Randy died on July 25, 2008, a little over four years ago. His family was with him, and he knew he was loved. I reflect that in the past few weeks I’ve conducted memorial services for two of our members, Joe Haun and Joe Major. And it was good to have a number of you there with me helping to tell their stories and comfort their friends and families.
This is what we do for each other. It’s part of the passion that we bring to this community, the love that we give and receive in one another’s company.
When I think of all this, my mind turns back to the words of our opening hymn, “drifting here with my ship’s companions, all we kindred pilgrim souls, making our way by the lights of the heavens in our beautiful blue boat home.”
I’ve said before that sometimes our sanctuary back on Edwin Place feels like a big boat, with all of us gathered together, sometimes sailing under sunny sides, sometimes riding out a storm. And even though this space today really bears no resemblance to that one, with you here I can almost imagine us there: a place where our hopes and passions, where the commitments we make to each other fuel a fire that keeps love alive.
So, let me begin with myself. All of my life I have identified with the male gender. Growing up I knew myself as a “boy,” placing myself in the same group as people who identified themselves or were identified to me as male, and distinguished myself from “girls,” people I identified, or others identified or who identified themselves as female.
I can’t specifically recall when I began to awaken to myself as a sexual being, but I’m guessing it was around the age of 11 or 12, and, with the exception with some consensual touching with a male friend at around that time, I have always been drawn to people who I identified as women as sexual partners. In my life today I live in a monogamous couple with the only person with whom I am intimate, my wife.
Now, let me acknowledge that this is not the sort of information that we ordinarily exchange with each other, and I am not offering my own tale with the expectation that you will all suddenly start sharing your own stories with each other. We are all entitled to our privacy. We have the right to decide for ourselves how much of the details of our lives to share and with whom to share them.
Instead, I offer my own story to draw attention to several interesting aspects of stories like mine in our culture and the consequences they have for our religious lives. In the vernacular we use today I am identified as “straight” or heterosexual: a man who is attracted sexually exclusively to “the other sex”: women.
But more importantly, and here’s where the trouble starts, my sexual orientation is widely conceived as “normal”: the standard, the way things are supposed to be. As such, it loads me up with all sorts of privilege. In any public setting, people feel comfortable asking me about my wife and making provisions to include her in social gatherings. I am entitled to thousands of benefits under federal, state and local law.
But, beyond all that is a privilege that people with a sexual orientation like mine have a hard time wrapping our heads around. If you are regarded as “normal,” then no matter where you go, you are “just folks”: Nothing out of the ordinary. On meeting you, people give you the benefit of the doubt and are ready to think well of you.

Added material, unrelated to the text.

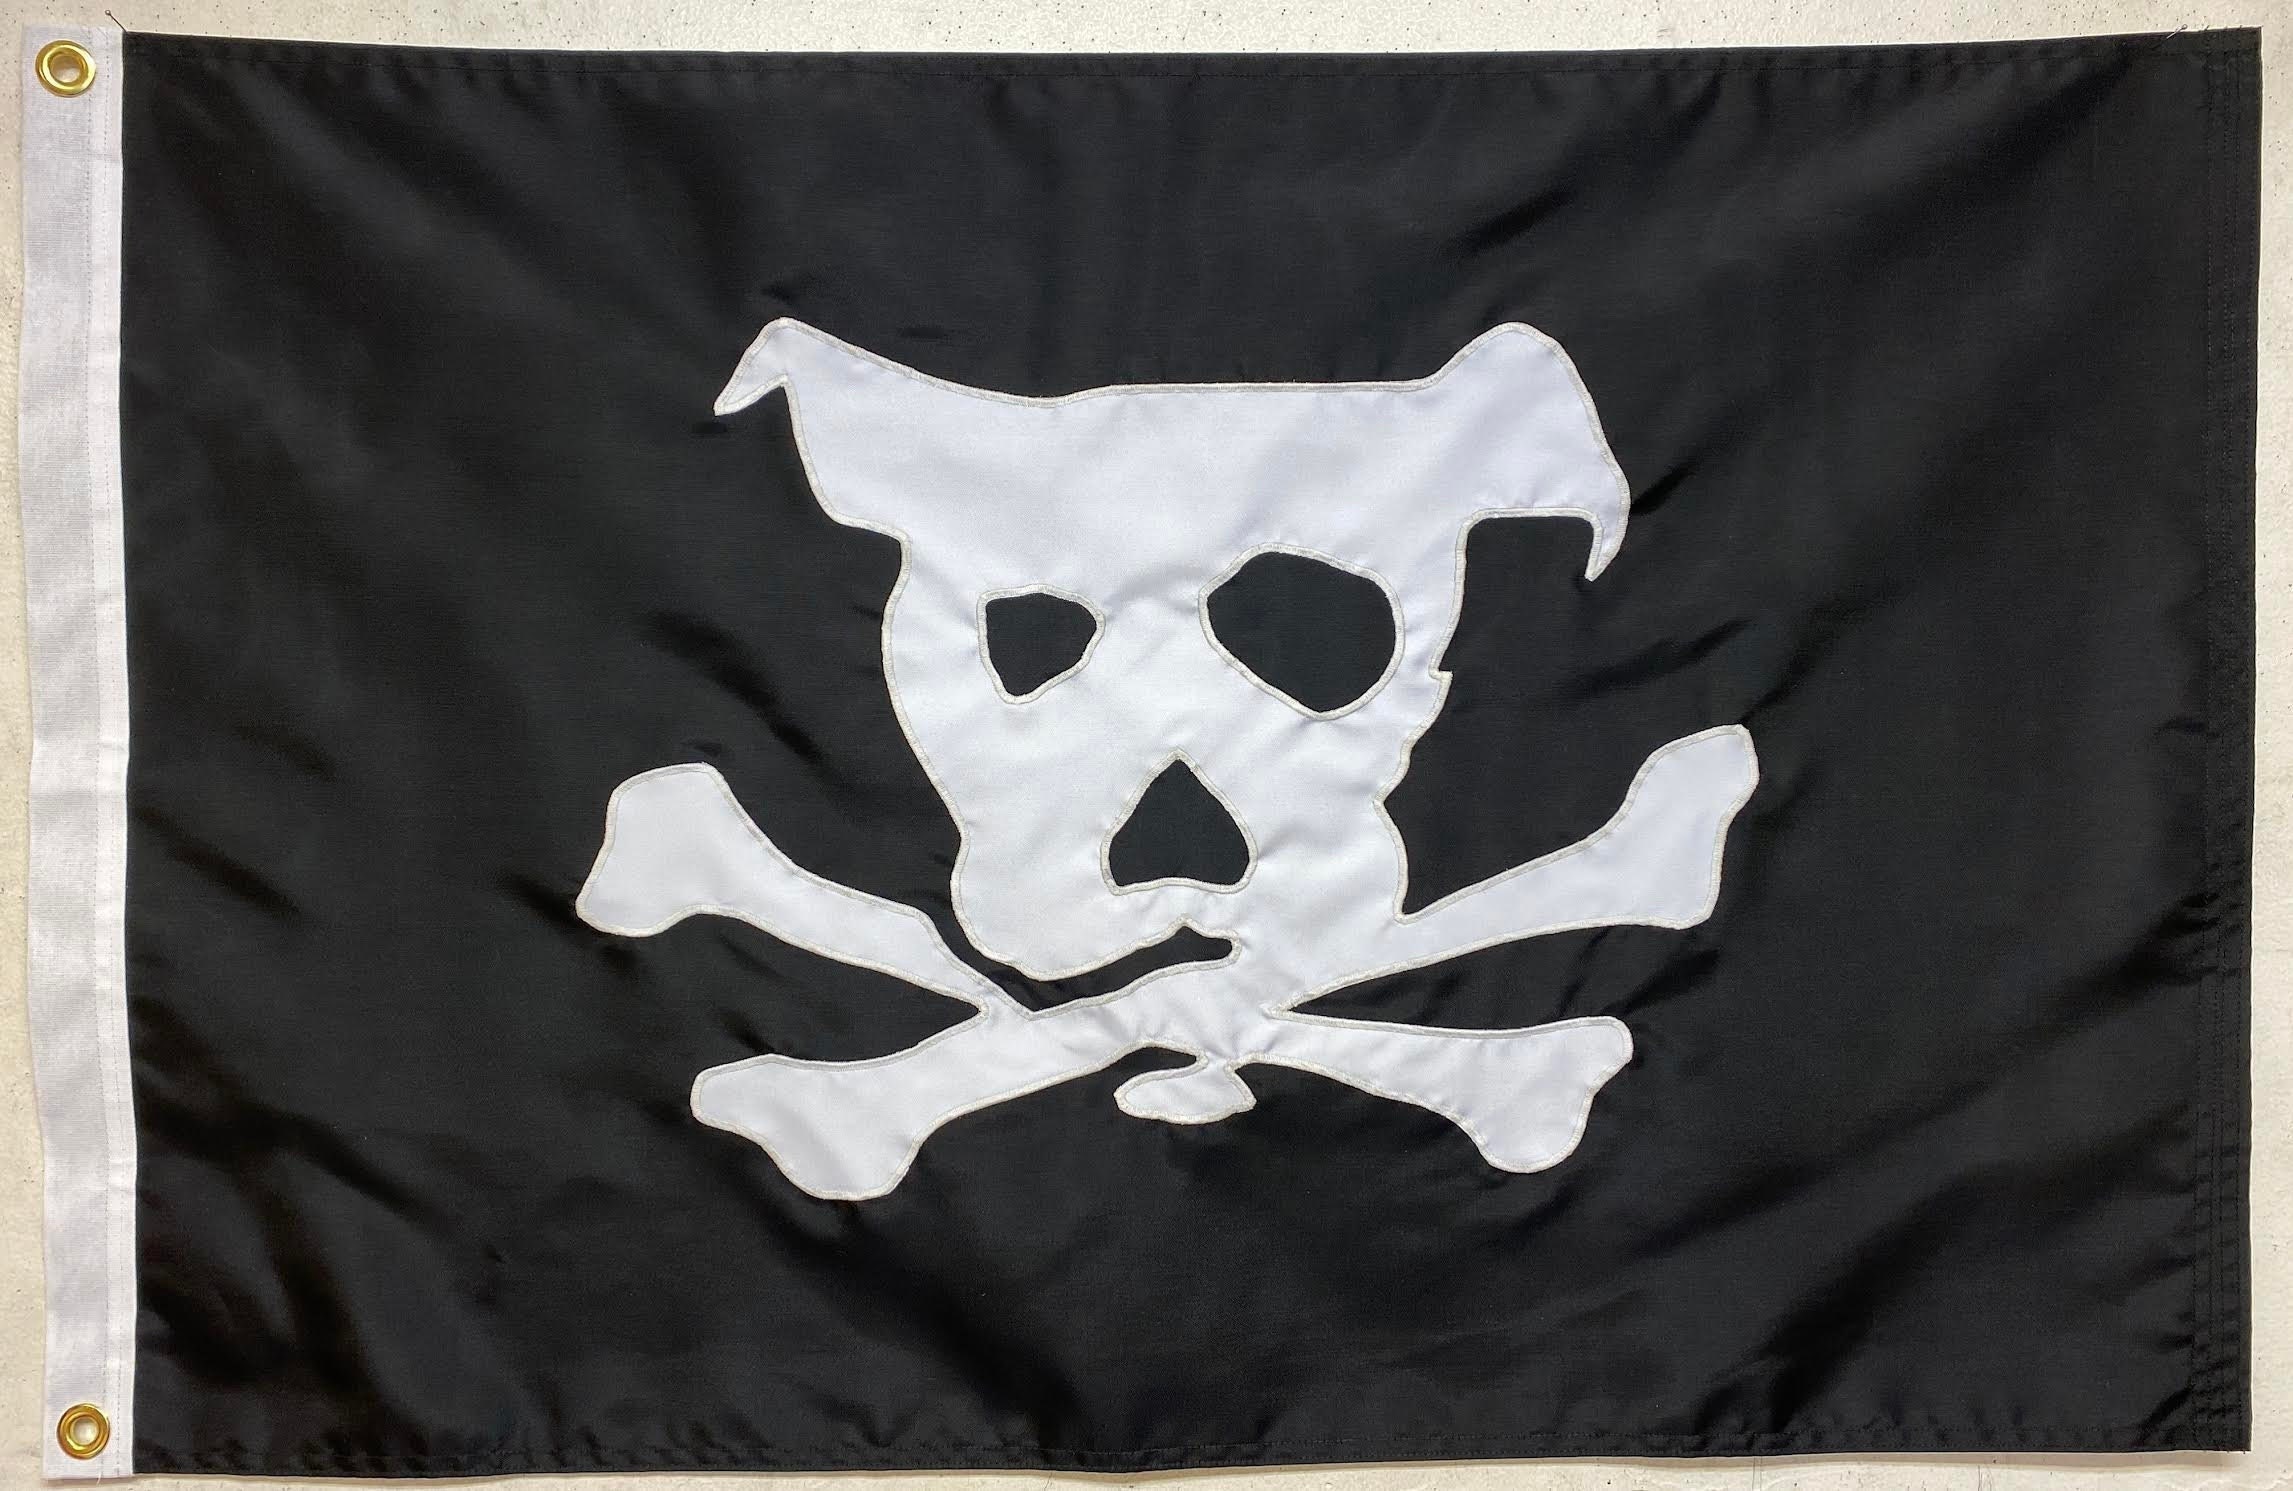 Pirate Dog Handsewn Flag various Sizes : Appliqued, High Quality, Made in  the USA, Outdoor, Handmade 
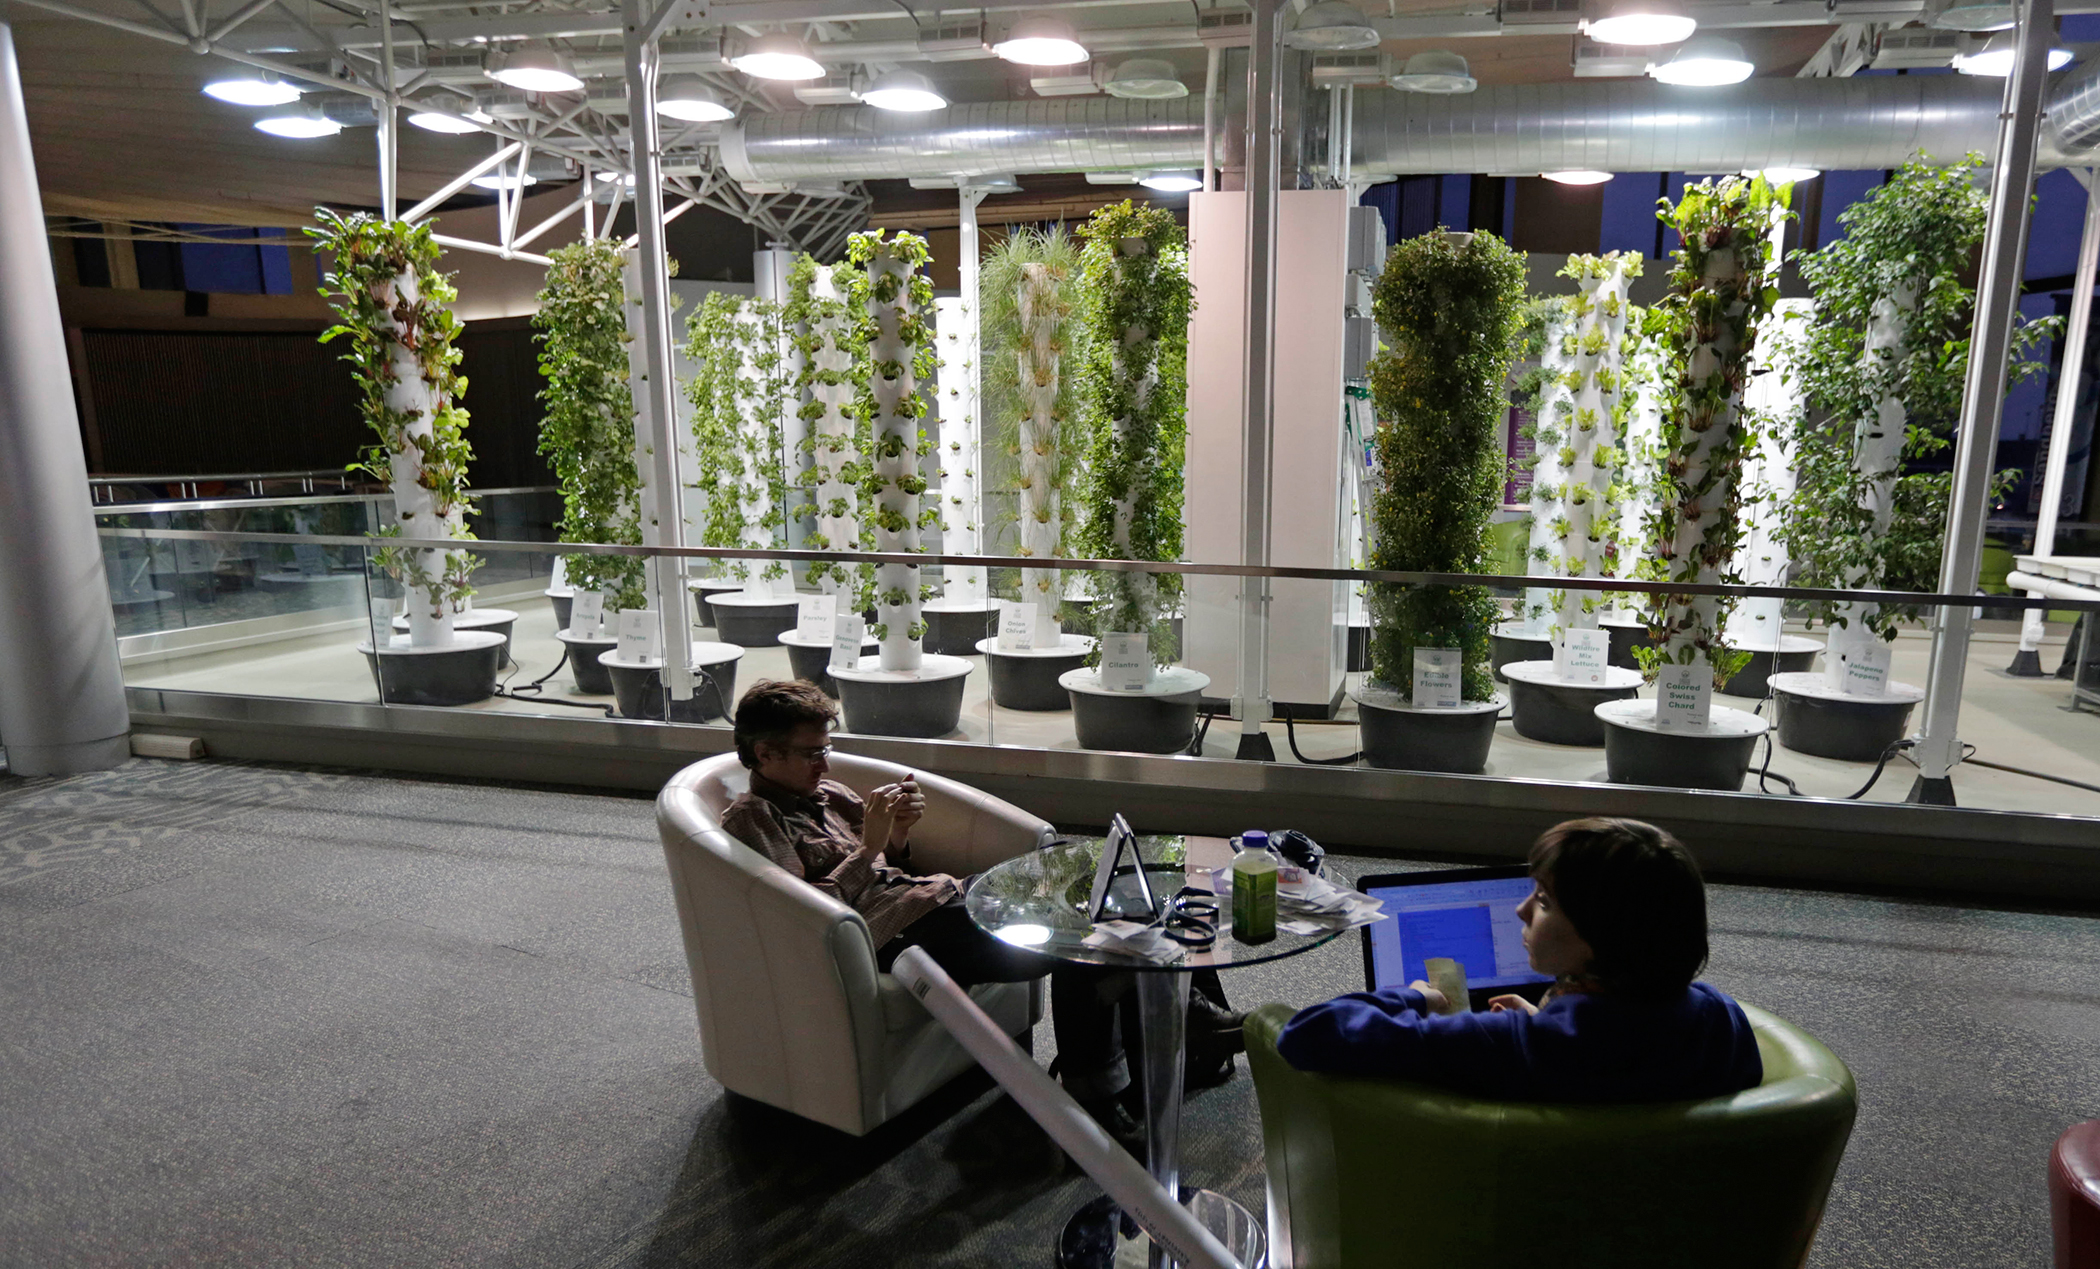 In this photo taken December 18, 2012, at O'Hare International Airport in Chicago, travelers David Janesko and Tess Menotti relax between flights next to O'Hare's Urban Garden where fresh herbs are grown and used in airport restaurants. Getting stranded at an airport once meant camping on the floor and enduring hours of boredom in a kind of travel purgatory with nothing to eat but fast food. Tough economic times are helping drive airports to make amends and transform terminals with a bit of bliss: spas, yoga studios, luxury shopping and restaurant menus crafted by celebrity chefs.

If your sexual orientation is different, it can be otherwise. If it’s true that my sexual orientation is “the norm,” then any other arrangement is, by definition, “deviant.” It deviates, strays from, the norm. Now, technically speaking, all of that is simply the language of science, but part of what this demonstrates is the way in which the language of science can be employed to obscure, misinform and oppress.
So, where do we get this idea of what normal is? It’s true that we humans are issued two basic varieties of plumbing when it comes to the machinery of reproduction. But even there the story isn’t as simple as it looks. There are many variations in our physical make-up as well as in our genetic heritage that shape sexual identity and expression.
And, of course, it’s often remarked that our most important sexual organ is to be found not between our legs but perched on top of our necks. How shall we calibrate anything like “normal” when it comes to the extraordinary variety of human desire?
The writer Hanne Blank sought to track down the history of this notion of a “normal” sexual expression and discovered something interesting, which is contained in the title to her recent book: “Straight – The Surprisingly Short History of Heterosexuality.”
Yes, she writes, men and women have always had sex, but the notion that people have particular sexual orientations and that one might be identified as normal has only existed for something like a century and a half.
She traces the term “heterosexuality” back to Germany in 1869 during efforts to modernize Germany’s ancient legal codes. One legislator had his eye on eliminating a provision that stipulated harsh punishment for men having sex with men, arguing that it was wrong to punish actions that harmed no one. “Homosexuals” and “heterosexuals,” he said, were simply two types of human beings.
Nothing came of his efforts – Hitler later used that provision in German law to imprison and murder homosexuals in concentration camps during World War II – but that new word – heterosexual – later made its way to medical texts. There, though, it took a different turn and was used to describe what was then called “healthy sexuality.”
The word first appeared in Merriam-Webster’s dictionary in 1934, where it was described as “manifestation of sexual passion for one of the opposite sex; normal sexuality.”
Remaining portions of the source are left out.